Коби объяснил маме, что вылил масло на пол всего лишь для того, чтобы узнать, сколько его понадобится, когда к нам придут террористы, а потом велел нам вымыть пол и ушел переодеваться, однако ни тогда, ни потом отчистить пол от масла нам полностью так и не удалось. Не удалось и забыть, какими глазами на нас смотрела мама.
Я сидела в шкафу в восточной позе, и над головой у меня раскачивалась бутылка с маслом. Я открыла рюкзак и вынула целлофановый пакет с транзистором. Это был маленький папин транзистор, у которого давно отвалились все кнопки и который я нашла в мусорке позади фалафельной.
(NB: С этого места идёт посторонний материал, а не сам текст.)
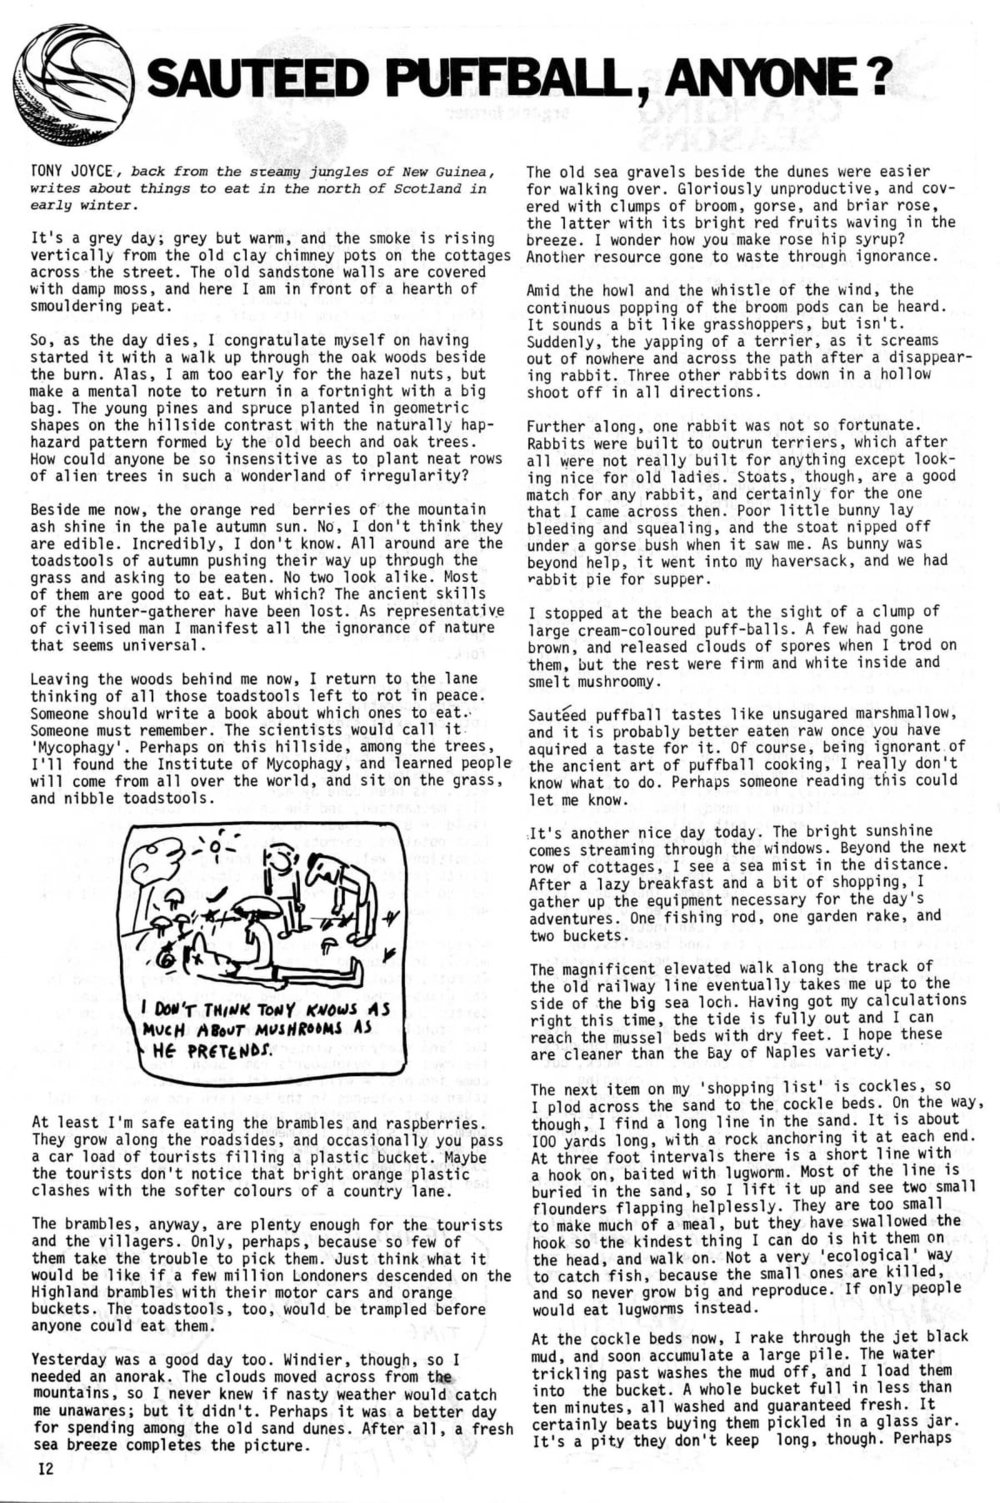 seed-v2-n10-oct1973-12.jpg

Потом я достала носок, в котором храню батарейки, чтобы они не разрядились раньше времени, вынула их из носка, лизнула языком, какое-то время поколебалась, стоит ли мне их сейчас вставлять в транзистор, а затем все-таки вставила, включила его и зубами передвинула остатки ручки настройки до того места, где обычно говорит «радиоженщина».
Я назвала ее «радиоженщиной», когда услышала ее голос в первый раз, и только позднее узнала, что ее зовут Реума, то есть «смотрите, что…». Мне нравилось произносить это имя. «Реума, Реума, Реума», — все время повторяла я на разные лады и гадала, кто же мог придумать ей такое странное имя, и было ли оно дано ей с самого рождения, или ее назвали так позже, когда она впервые сказала что-нибудь вроде «смотрите, что он принес», или «смотрите, что там лежит».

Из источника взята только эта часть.